Collected material
----

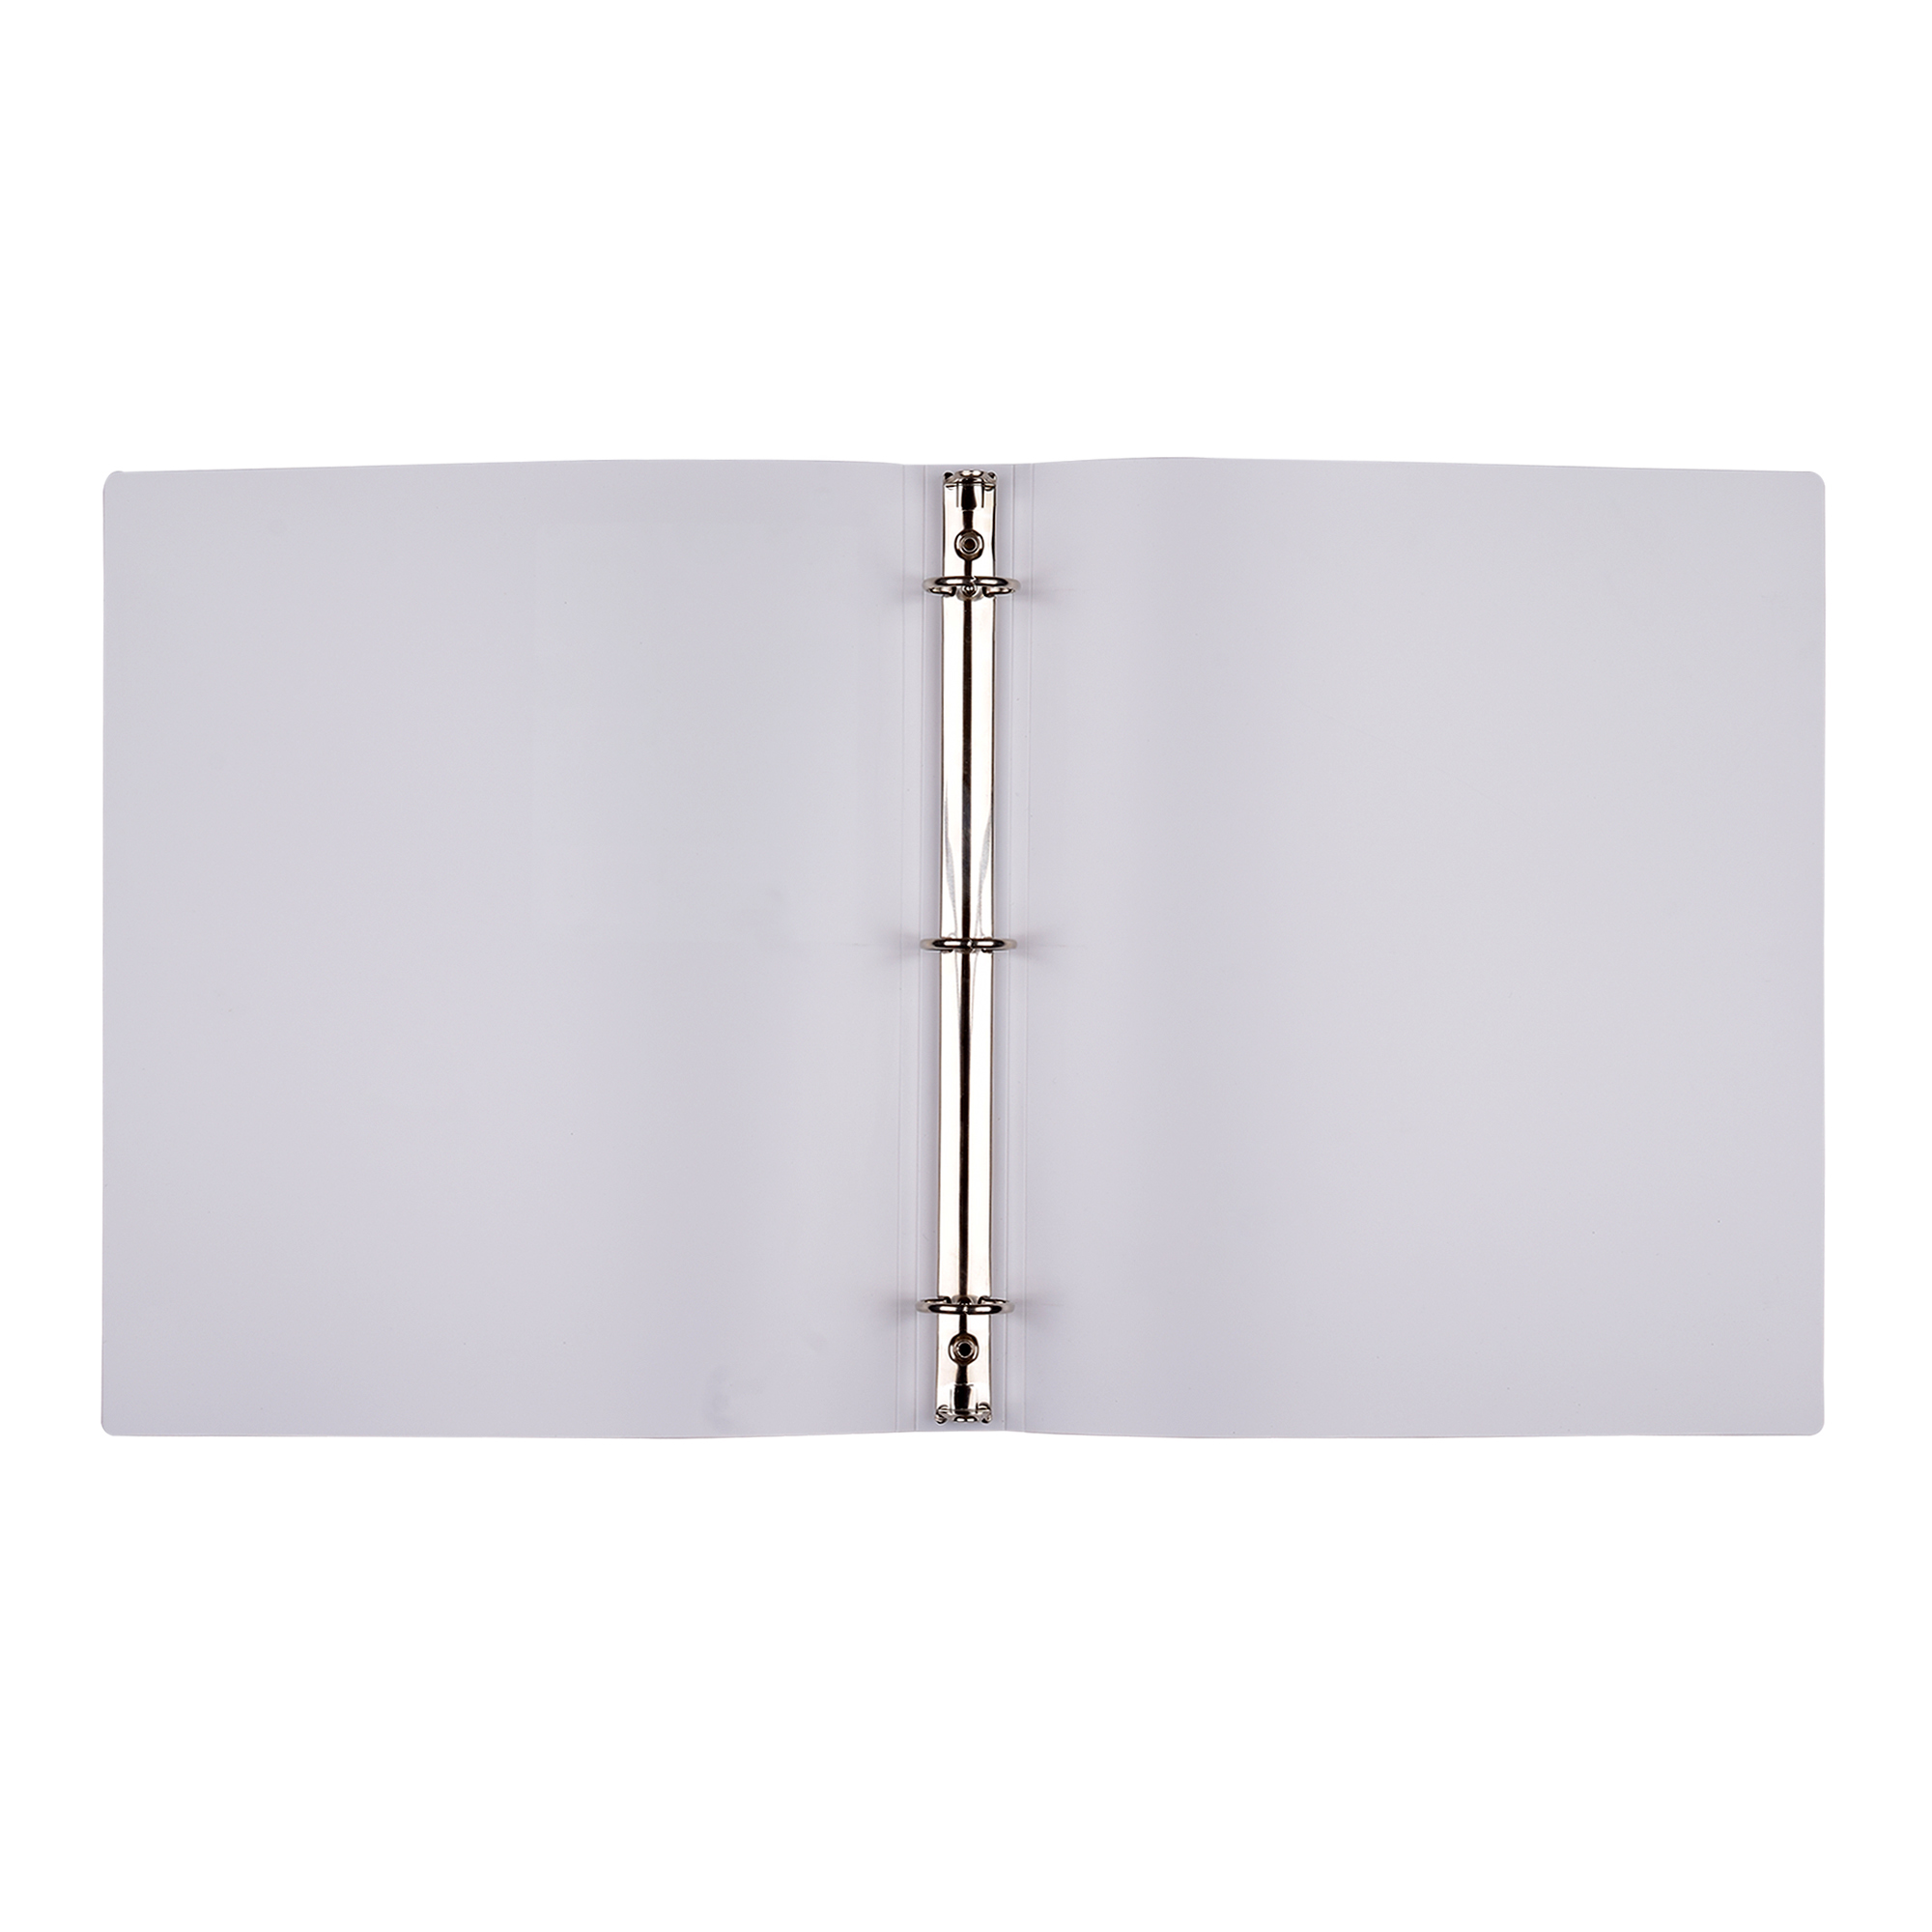 Pen + Gear 1" Standard 3-Ring Poly Binder, White Color, 1 inch "O Ring", Letter Size - image 5 of 5
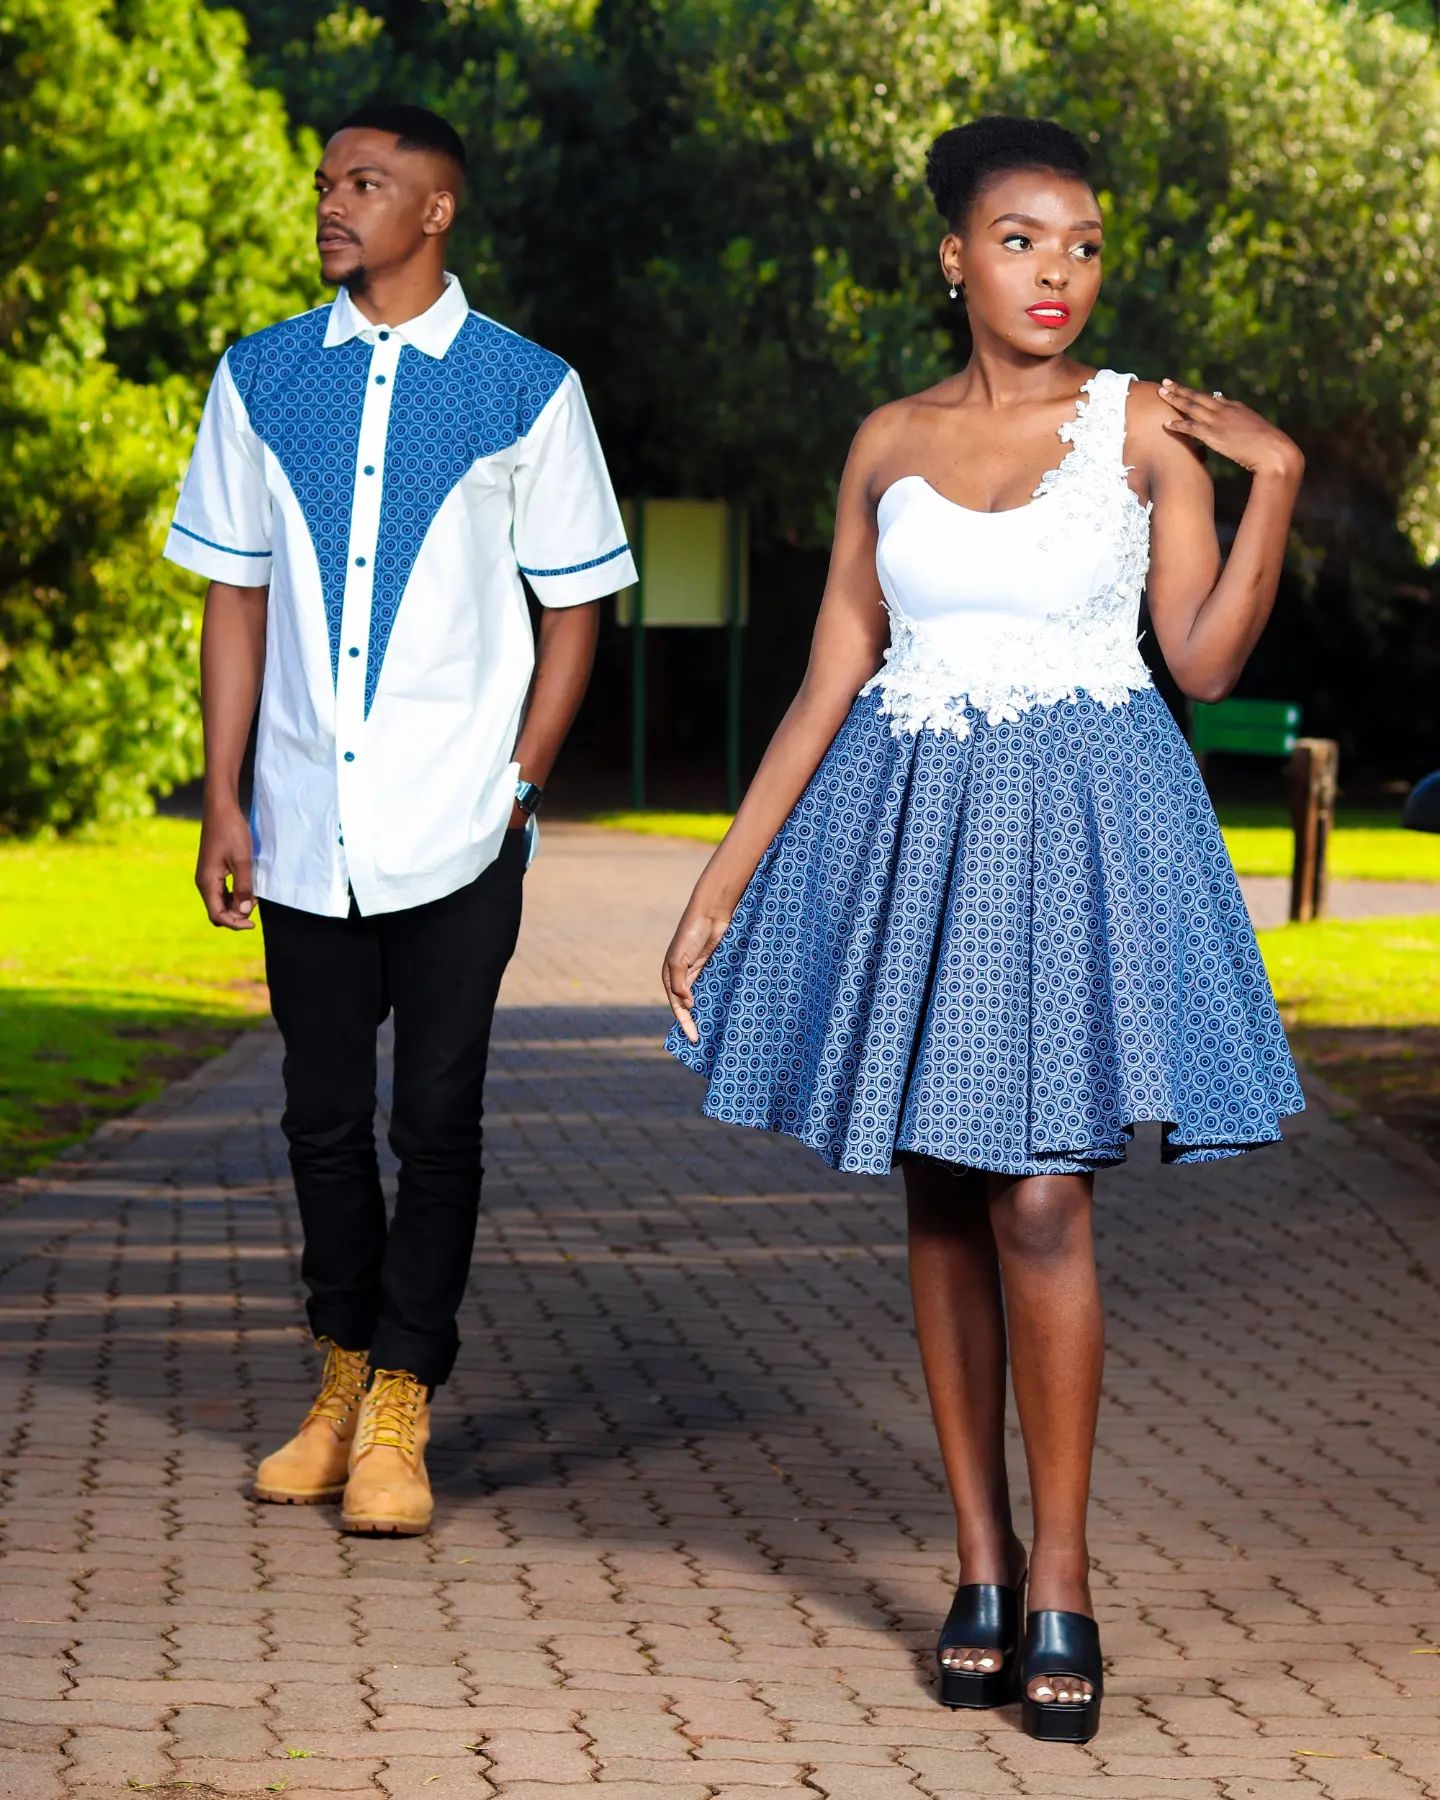 The Best South African Tswana Conventional Dresses For Wedding 17
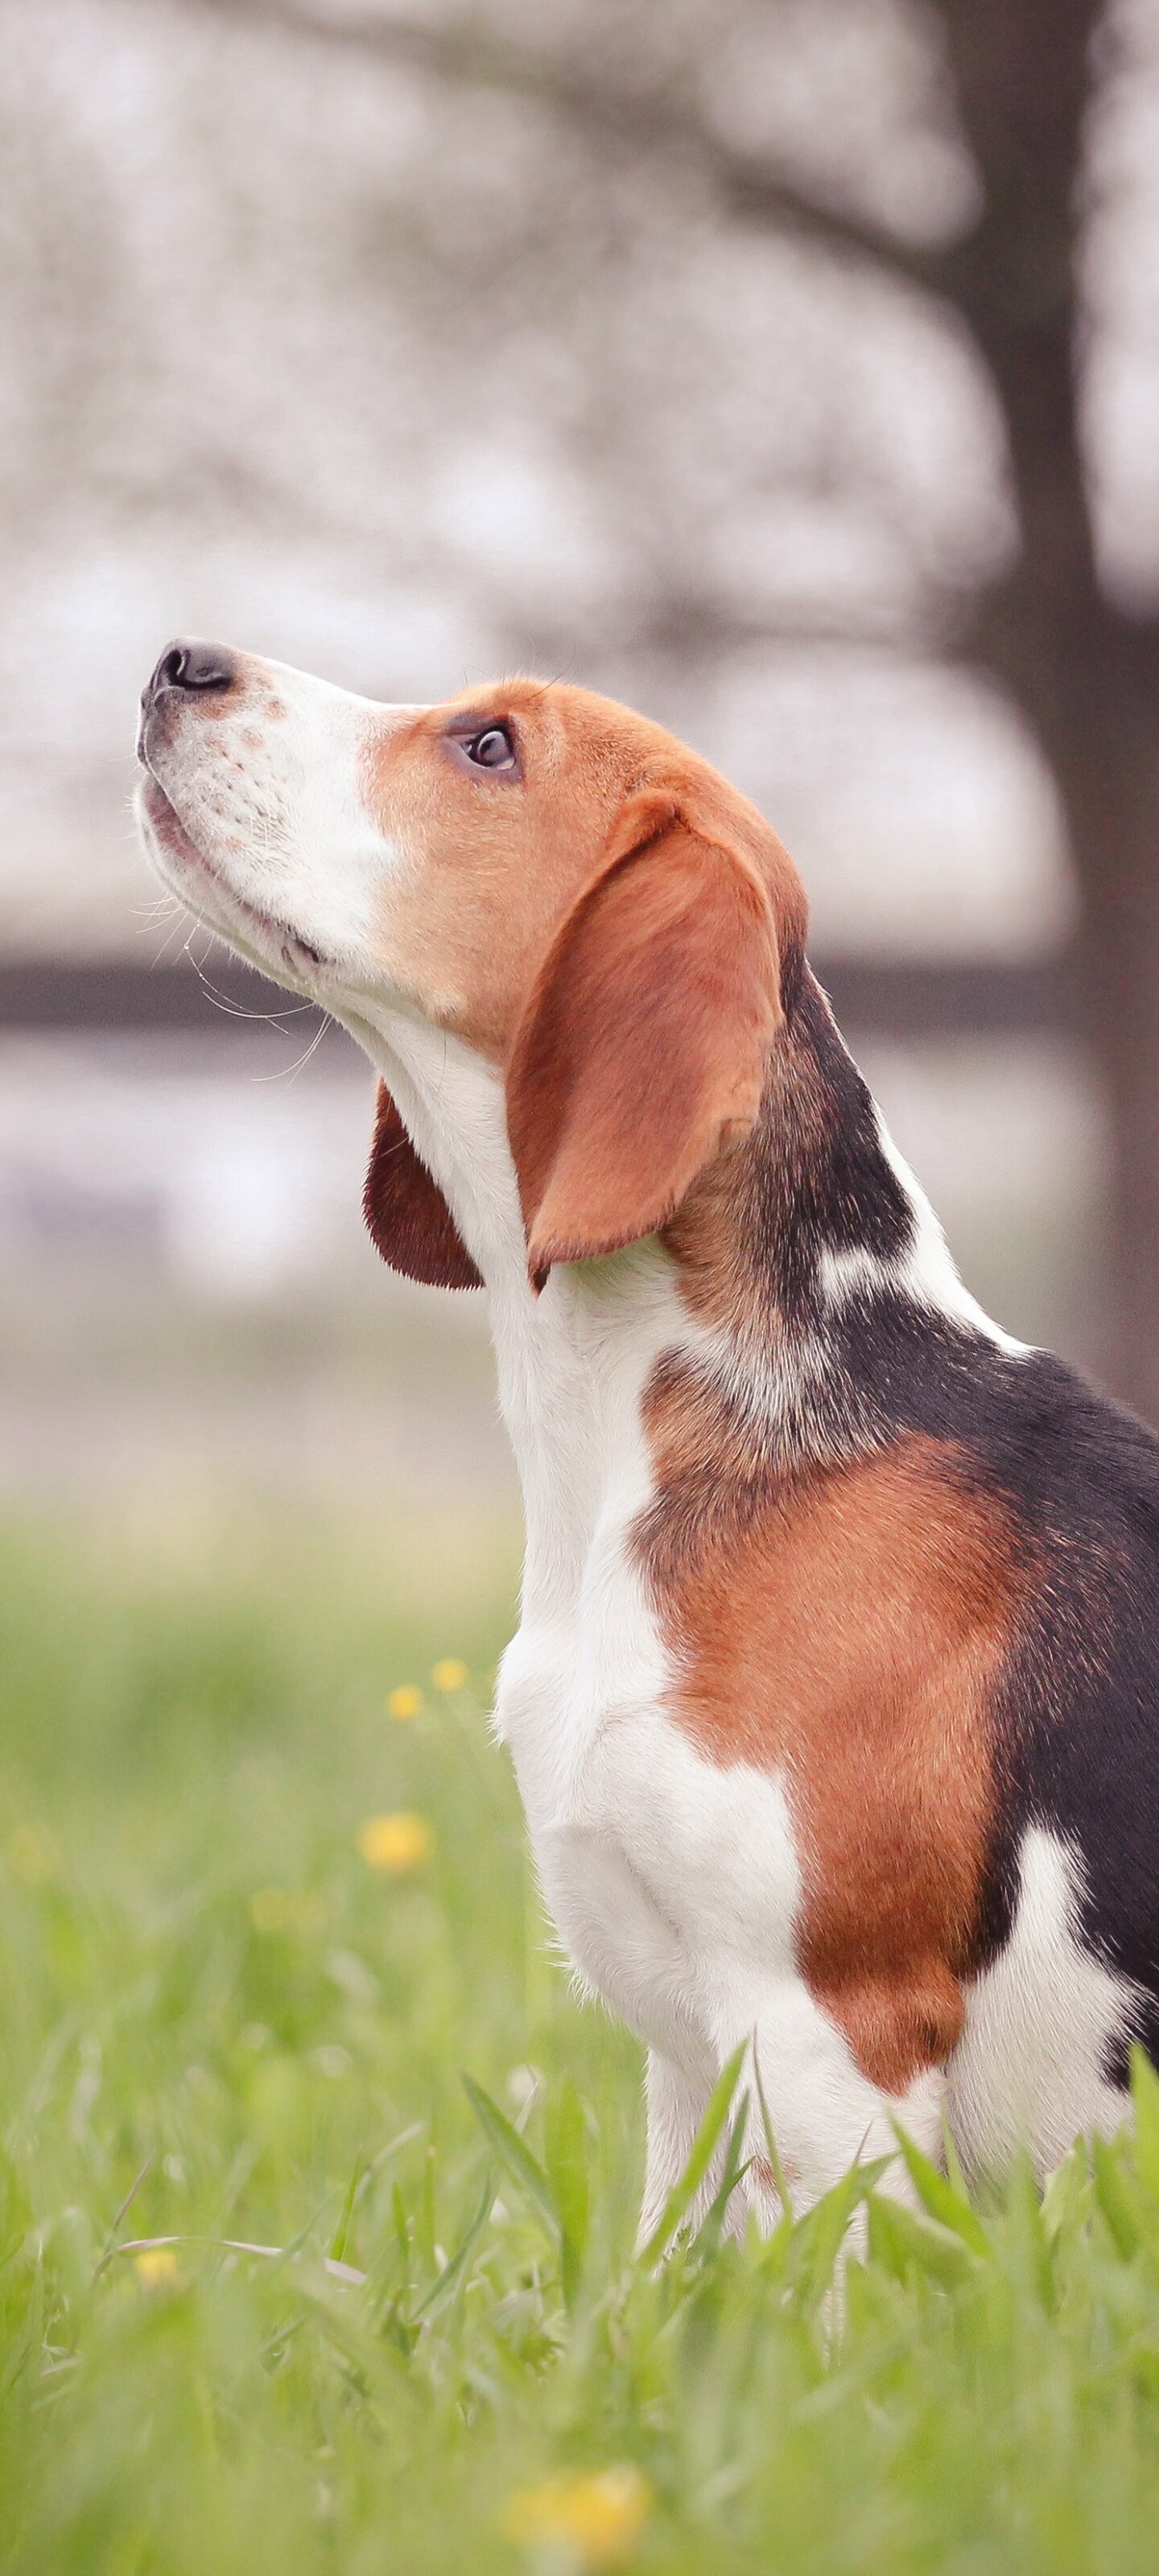 Beagle: Was accepted as a breed by the American Kennel Club (AKC) in 1885. 1440x3200 HD Wallpaper.

----

Problem
Quote everything in the listing above exactly; pictures are the only thing to omit.

Solution for this problem
 Pen + Gear 1" Standard 3-Ring Poly Binder, White Color, 1 inch "O Ring", Letter Size - image 5 of 5
 The Best South African Tswana Conventional Dresses For Wedding 17
 Beagle: Was accepted as a breed by the American Kennel Club (AKC) in 1885. 1440x3200 HD Wallpaper.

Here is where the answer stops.